One of the earliest papers concerning this issue was a report by Stern et al[5] in 1975. They performed an experiment to determine the feasibility of the method of coherent light scattering, in their case from a fingertip. They were able to demonstrate rapid microvascular reflexes which no other method was able to demonstrate at that time.

When a beam of light, carried by the fibre-optic probe, enters the tissues and hits moving blood cells in a random order, it undergoes changes in wavelength - a Doppler shift[6] - while the wavelength of light hitting static tissue structures is unchanged. The magnitude and frequency distribution of these changes in wavelength are directly related to the number of moving blood cells, but relatively unrelated to their direction of movement.

The tissue volume occupied by moving blood cells is generally small; the average capillary density is about 50 capillaries per mm2 mucosal area, and most photons do not undergo a frequency shift, but are backscattered or absorbed[7]. The backscattered and Doppler broadened (extended) light carries information about the speed and concentration of blood cells traversing the scattering volume[8].

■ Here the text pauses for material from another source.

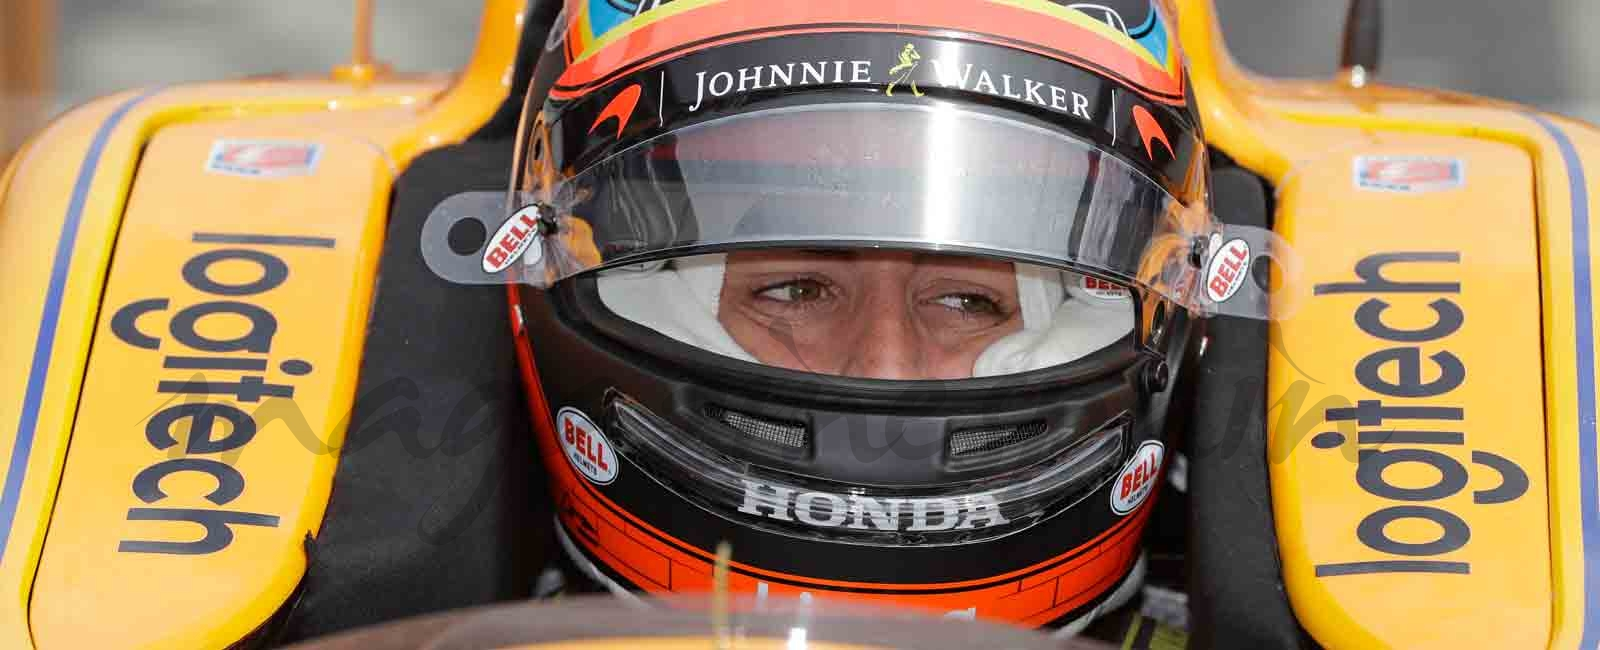 Fernando Alonso revoluciona las 500 millas de Indianápolis

The quantity that is measured in LDPM is generally referred to as perfusion, and expressed in Perfusion Units (PU) which are arbitrarily chosen. In general it is not possible to change PU values into blood flow expressed as mL/min per g tissue; but, it can be done in specific preparations when calibration can be done. Perfusion is defined as the product of local velocity and concentration of blood cells[8]. Speed refers only to the magnitude (mm/s) of the velocity vector, and even though the majority (99%) of blood cells in the undisturbed microcirculation are red cells, LDPM does not selectively measure red cells.

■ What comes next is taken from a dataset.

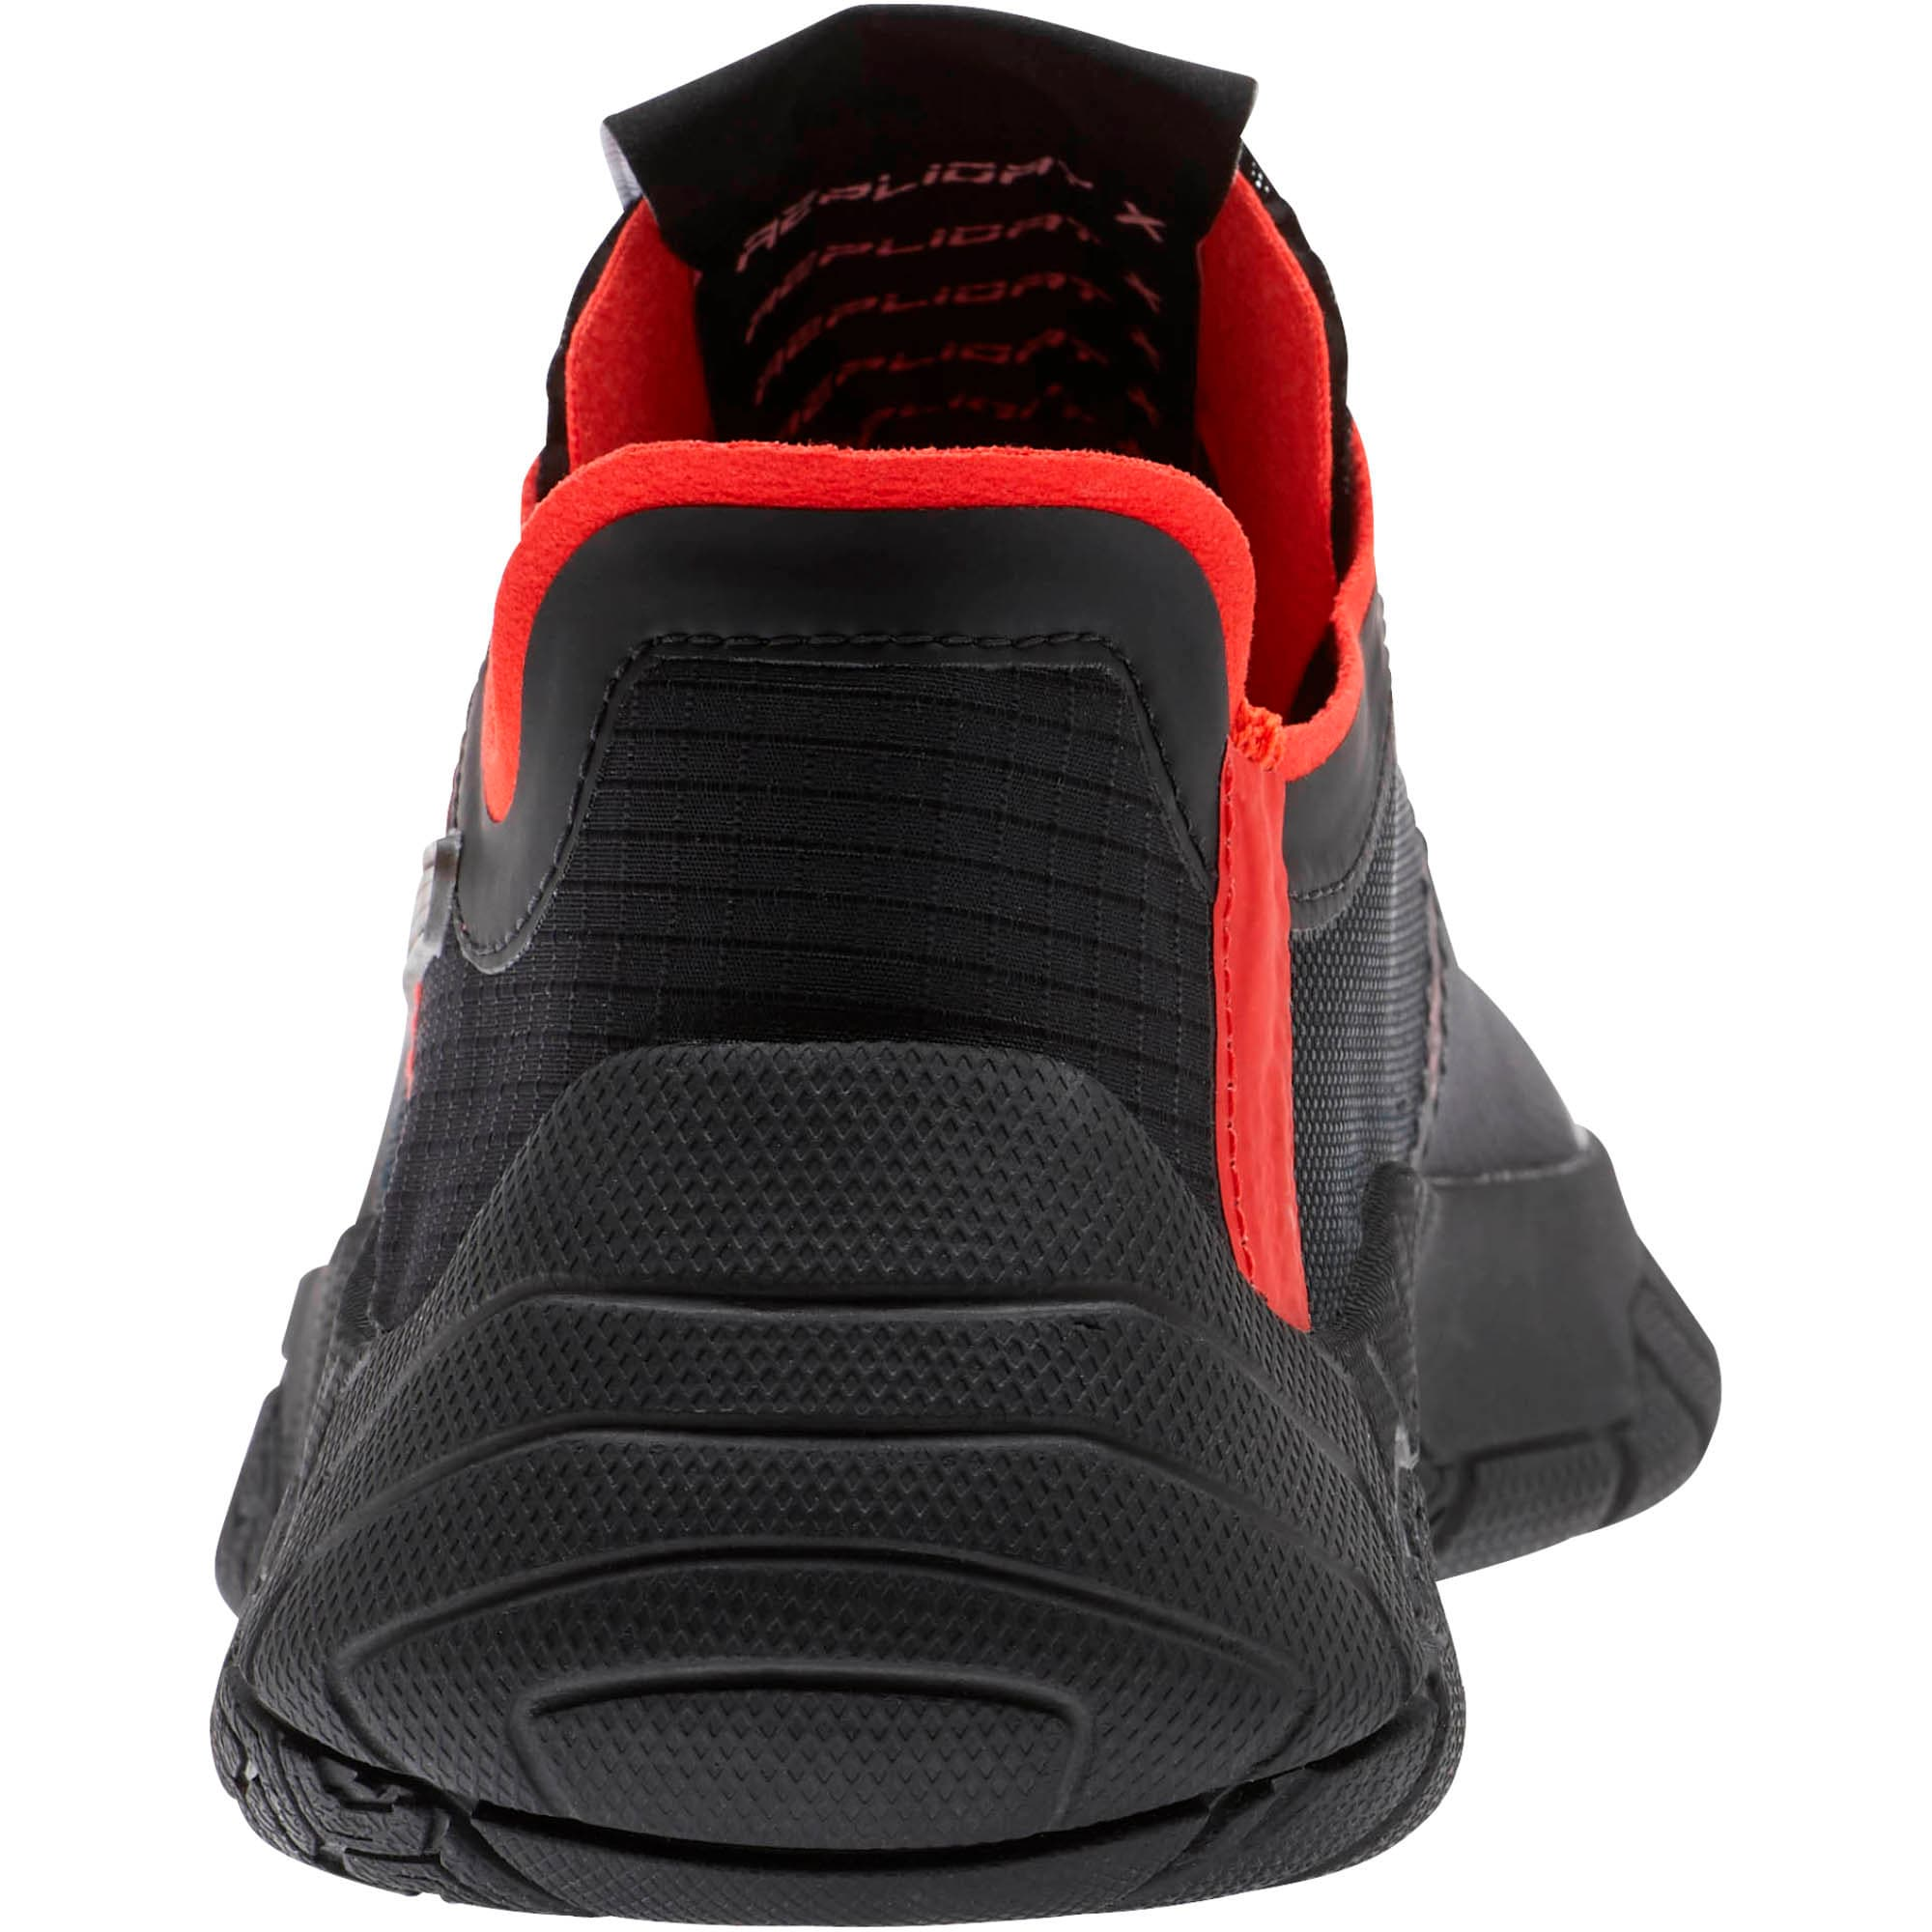 Thumbnail 3 of Replicat-X Circuit Motorsport Shoes, Puma Black-Puma Red, medium

Penetration into the tissue explored depends on the wavelength of the emitted light, and is regulated by differences in fibre diameter/separation. Penetration depth is also influenced, to a great extent, by factors such as structure and density of the capillary bed. The measuring depth is often defined as the depth below the tissue to which approximately 2/3 of the surface light penetrates, and returns back to the tissue surface. A typical probe today is designed using a solid-state laser with a wavelength of 780 nm, one transmitting and one receiving fibre and a fibre separation of 0.25 mm. This could lead to a sample depth of about 0.5-1.0 mm, and the sample volume could be estimated to 1 mm3. This rather shallow measuring depth was the conclusion of several different studies published in the eighties[913]; but, other studies executed during the same period suggested that LDPM had a capacity for transmural measuring in the GI tract[1417]. During the nineties a consensus was reached that LDPM monitors the microcirculation only in the mucosa and the upper submucosa of the GI tract.

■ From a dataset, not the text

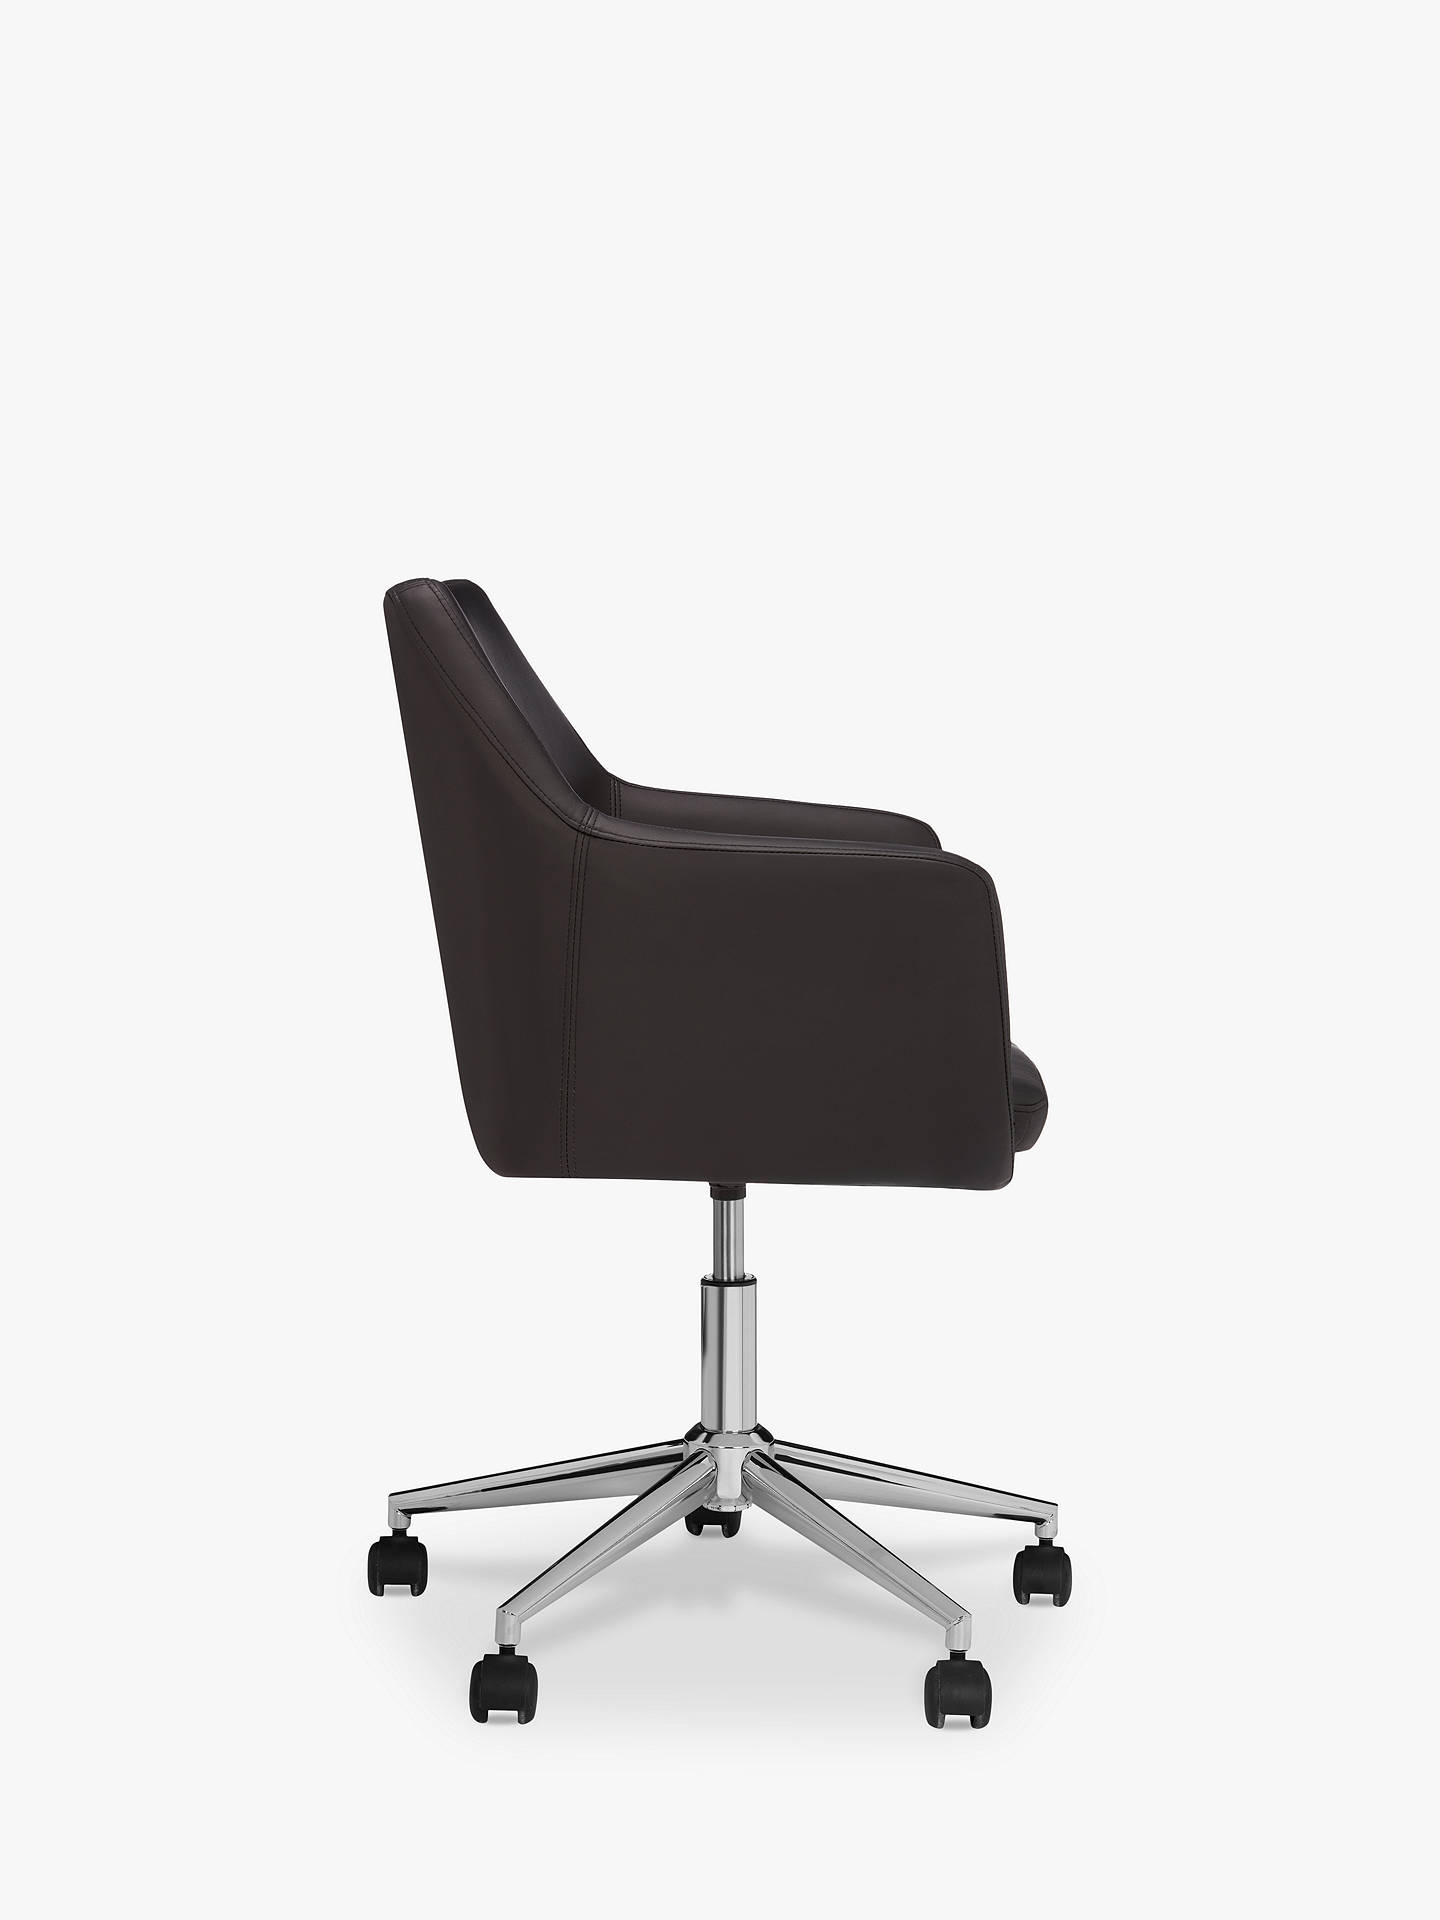 John Lewis & Partners Reid Faux Leather Office Chair, Black

Calibration generally has several purposes: to check the stability of the instrument; to establish the linearity of the instrument’s response to blood flow; to establish a relationship between different instruments; and to relate the reading of the instrument to true perfusion, if possible. A gold standard for calibration of LDPM does not exist, and because the optical properties and distribution of blood vessels in the tissue are heterogeneous it is not realistic to calibrate the instrument to measure absolute blood flow. Therefore, the manufacturers of these instruments have provided a more simple calibration protocol, based on a two-point calibration, which makes it easy to calibrate the probes in a clinical or experimental situation. The motility standard is an aqueous suspension of polystyrene microspheres in Brownian motion. The method has some major shortcomings[8] regarding its dynamic properties, and the suspension induces Doppler shifts which give rise to a homodyne measurement. However, in living tissues, the opposite situation is seen and a heterodyne spectrum is produced because the majority of photons do not undergo a Doppler shift.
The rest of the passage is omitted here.